If there are no pandoc hackers here, with your permission I'll report your
findings to the pandoc bug list. (One of the other highlight styles,
haddock, gives rise to a similar error, so something has clearly gone awry
with their templates for a couple of the styles).
Thanks for looking into this with such thoroughness! - Robert.
On Fri, Jul 8, 2022 at 9:33 PM G. Branden Robinson <
g.branden.robinson@gmail.com> wrote:
> Hi Robert,
>
> At 2022-07-07T08:00:20-0400, Robert Goulding wrote:
> > I used pandoc to generate nicely formatted printouts of s.tmac
> > (because I want to study it and understand a little better how it
> > works). I tried several highlight styles; and found that when I used
> > groff to compile the "monochrome" style, it failed with the error
> > "groff ms macros require groff extensions; aborting" -- which is odd,
> > because of course I'm using groff!
> >
> > A partial pdf of the ms macros was generated, but stops the line
> > before the source reads "groff ms macros require groff extensions;
> > aborting" -- so that is surely significant. But when I looked at the
> > files generated for monochrome and for another highlight style
> > ("kate"), I couldn't see where the error might be. I've attached both
> > - can anyone spot why groff may be failing *as if *groff were not
> > being used in the groff -ms macros?
>
> I was able to reproduce your problem with the following command.
>
> $ groff -ms -Tpdf ms-monochrome.ms >| m.pdf
> groff ms macros require groff extensions; aborting
>
> The first thing I did was to enable warnings. I encourage everyone to
> do this. :)
>
> $ groff -ww -ms -Tpdf ms-monochrome.ms -z
> troff: ms-monochrome.ms:126: warning: macro '.' not defined
> troff: ms-monochrome.ms:127: warning: missing closing delimiter
> groff ms macros require groff extensions; aborting
>
> This alone is enough to make me suspect a usage problem.
>
> Here's what these lines look like.
>
> $ sed -n '126,127p' ms-monochrome.ms
> \*[FunctionTok ".."]
> \*[FunctionTok ".if"]\*[StringTok " !"]\*[OtherTok
> "\[rs]n(.g"]\*[StringTok " "]\*[CharTok "\[rs]"]
>
> Okay, that looks moderately hairy. Whatever generated this is using
> groff parameterized strings whose arguments are themselves exhibits of
> groff syntax. This strikes me as a good way to get into trouble; some
> care will be required.
>
> Evidently the "kate" and "monochrome" files define the `FunctionTok`
> string differently. How?
>
> $ grep 'ds FunctionTok' *.ms
> ms-kate.ms:.ds FunctionTok \\m[644a9b]\\$1\\m[]
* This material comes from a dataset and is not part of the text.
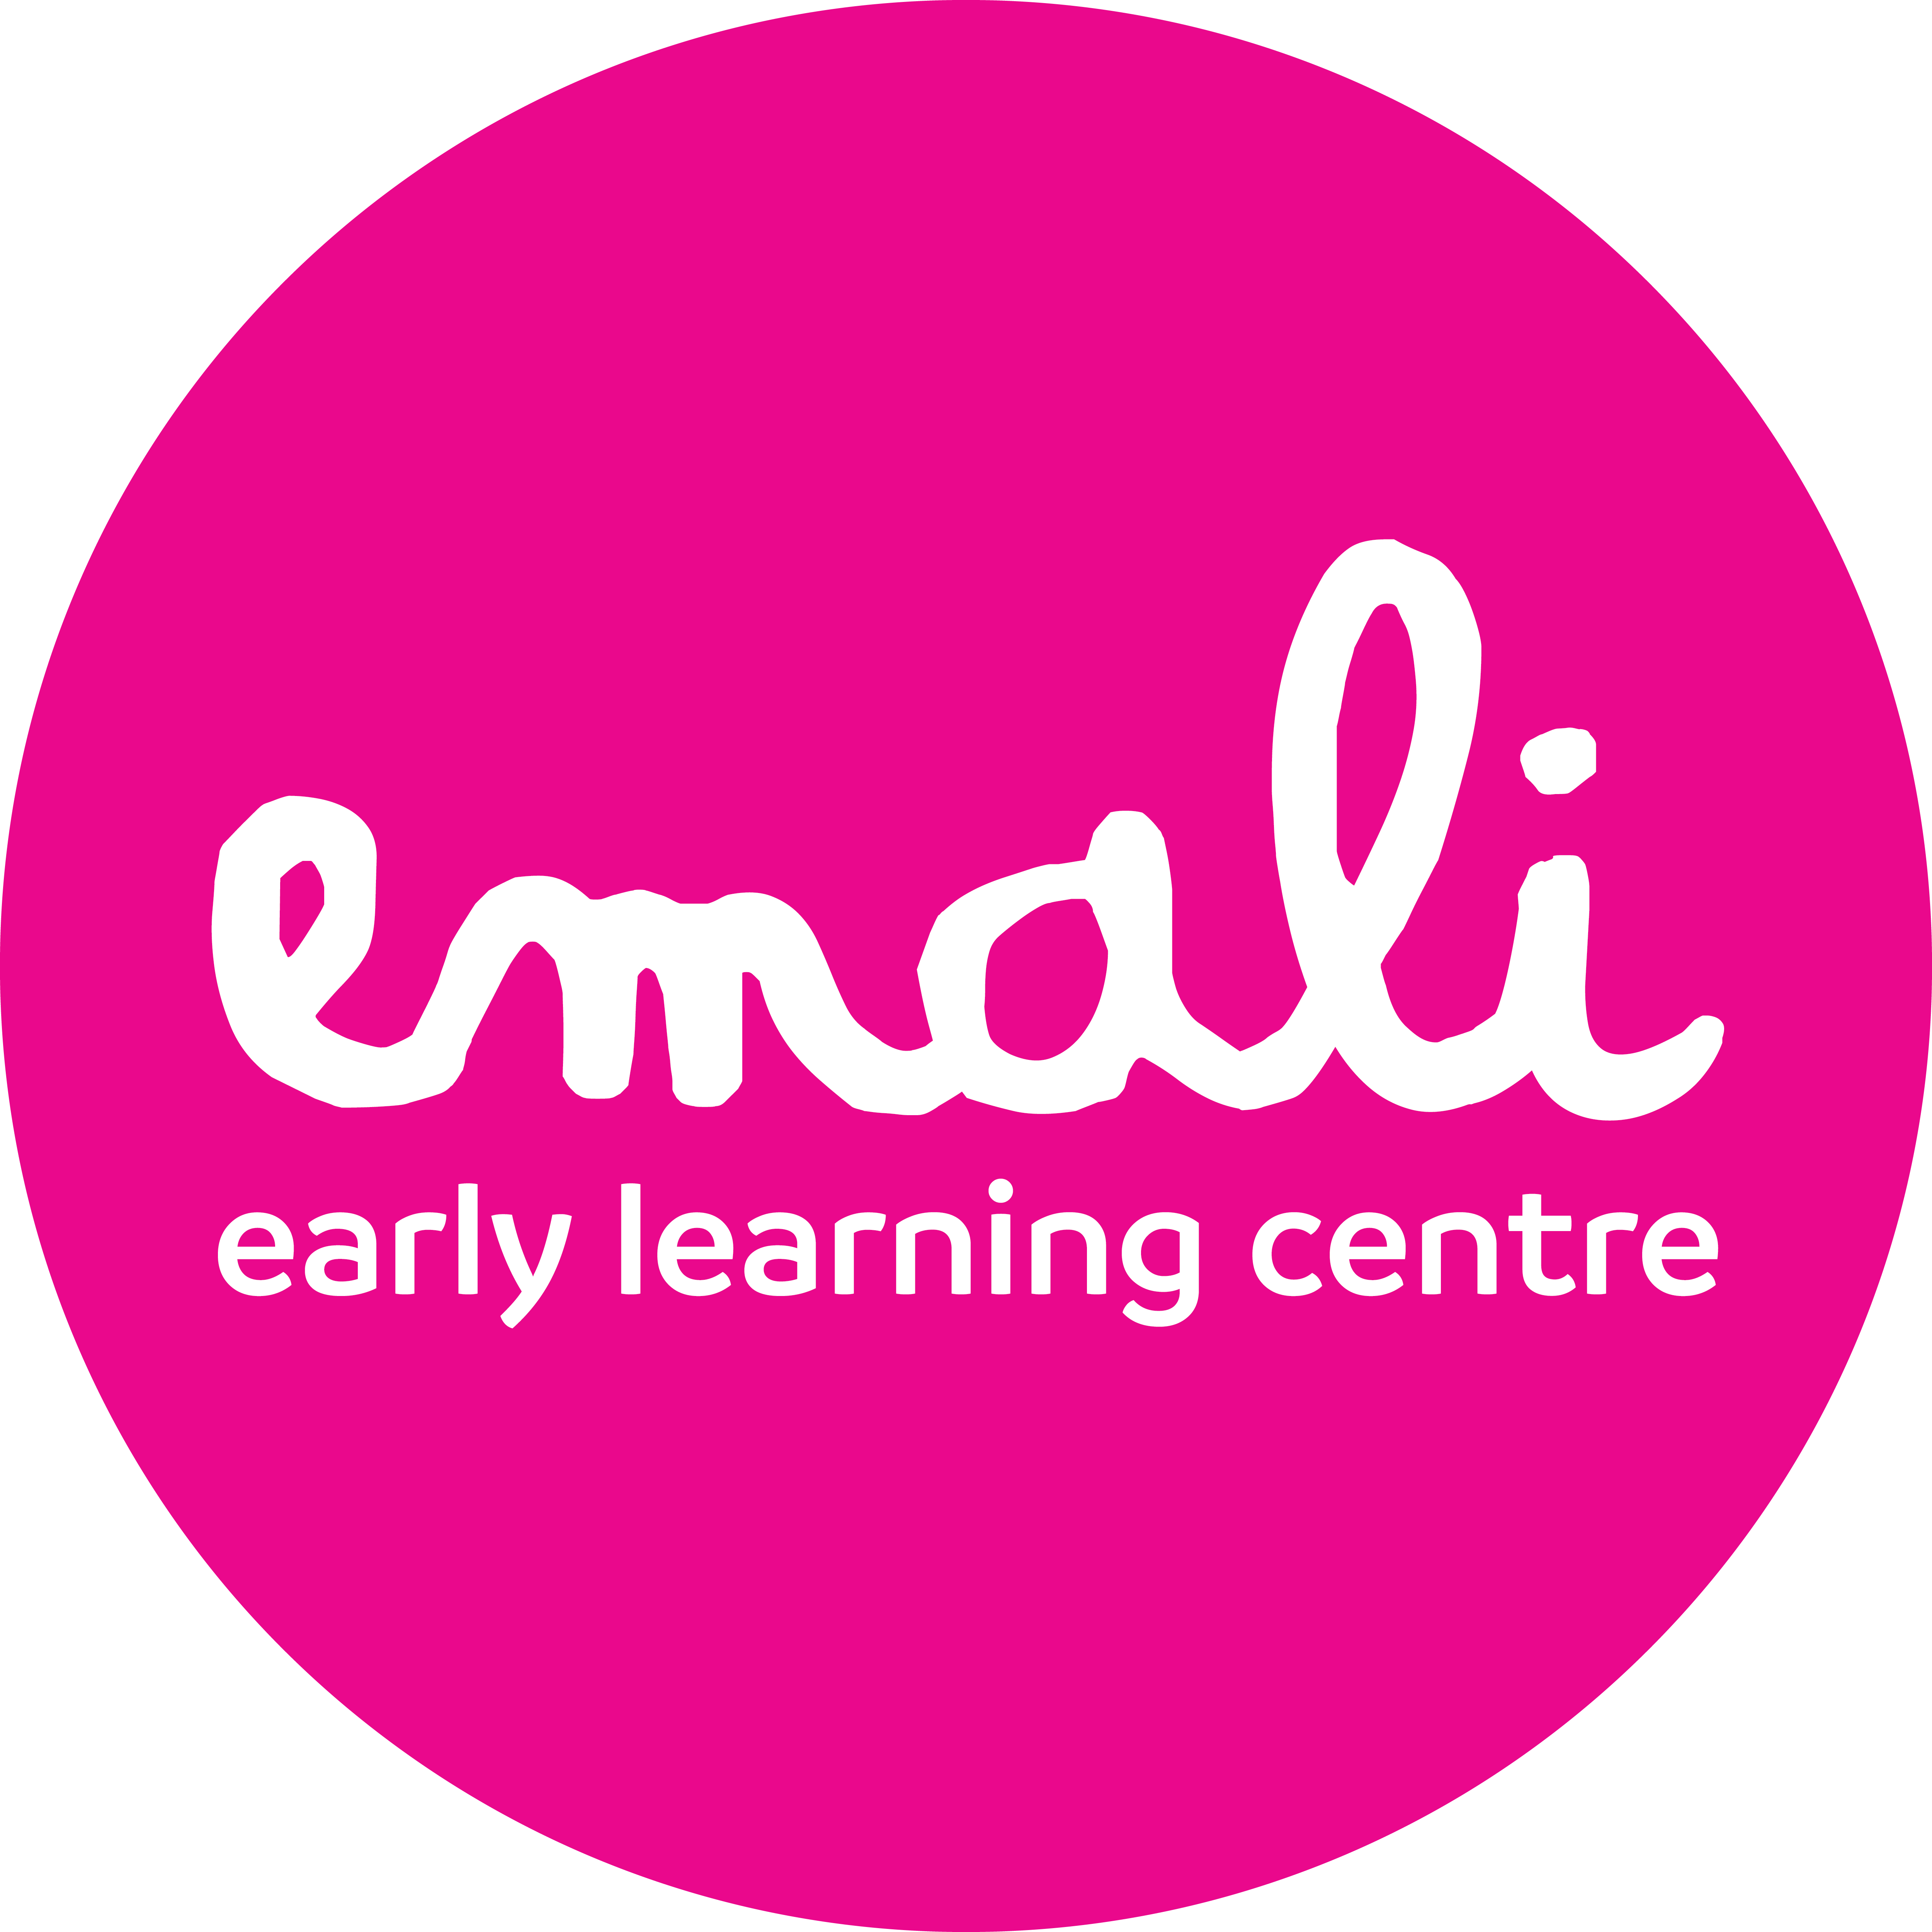 Emali Early Learning Centre - North Plympton

> ms-monochrome.ms:.ds FunctionTok \\$1
>
> So "monochrone", which fails, simply returns the argument unprocessed,
> whereas "kate" brackets it with color escapes.
>
> Suddenly this looks like a familiar problem. I play a hunch.
>
> $ groff -ww -ms -Tpdf ms-monochrome-gbr.ms -z
> troff: ms-monochrome-gbr.ms:142: warning: macro 'CH' not defined
> troff: ms-monochrome-gbr.ms:2252: warning: macro 'pdfsync' not defined
>
> We got further. What did I do?
>
> $ diff -u ms-monochrome.ms ms-monochrome-gbr.ms
> --- ms-monochrome.ms 2022-07-08 19:58:25.396932753 -0500
> +++ ms-monochrome-gbr.ms 2022-07-08 20:13:07.088864226 -0500
> @@ -18,9 +18,9 @@
> .ds BaseNTok \\$1
> .ds FloatTok \\$1
> .ds ConstantTok \\$1
> -.ds CharTok \\$1
> +.ds CharTok \&\\$1
> .ds SpecialCharTok \\$1
> -.ds StringTok \\$1
> +.ds StringTok \&\\$1
> .ds VerbatimStringTok \\$1
> .ds SpecialStringTok \\$1
> .ds ImportTok \\$1
> @@ -28,8 +28,8 @@
> .ds DocumentationTok \\f[CI]\\$1\\f[C]
> .ds AnnotationTok \\f[CI]\\$1\\f[C]
> .ds CommentVarTok \\f[CI]\\$1\\f[C]
> -.ds OtherTok \\$1
> -.ds FunctionTok \\$1
> +.ds OtherTok \&\\$1
> +.ds FunctionTok \&\\$1
> .ds VariableTok \\$1
> .ds ControlFlowTok \\f[CB]\\$1\\f[C]
> .ds OperatorTok \\$1
>
> I prefixed each of these string definition with the non-printing input
> break escape sequence[1] so that when these strings are interpolated at
> the beginning of an input line (or as the consequent of a conditional
> request like `if`, `el`, `while`, or `nop`), they won't be
> misinterpreted if they start with a control character.
>
> The remaining problems revealed by -ww to me appear to be unrelated.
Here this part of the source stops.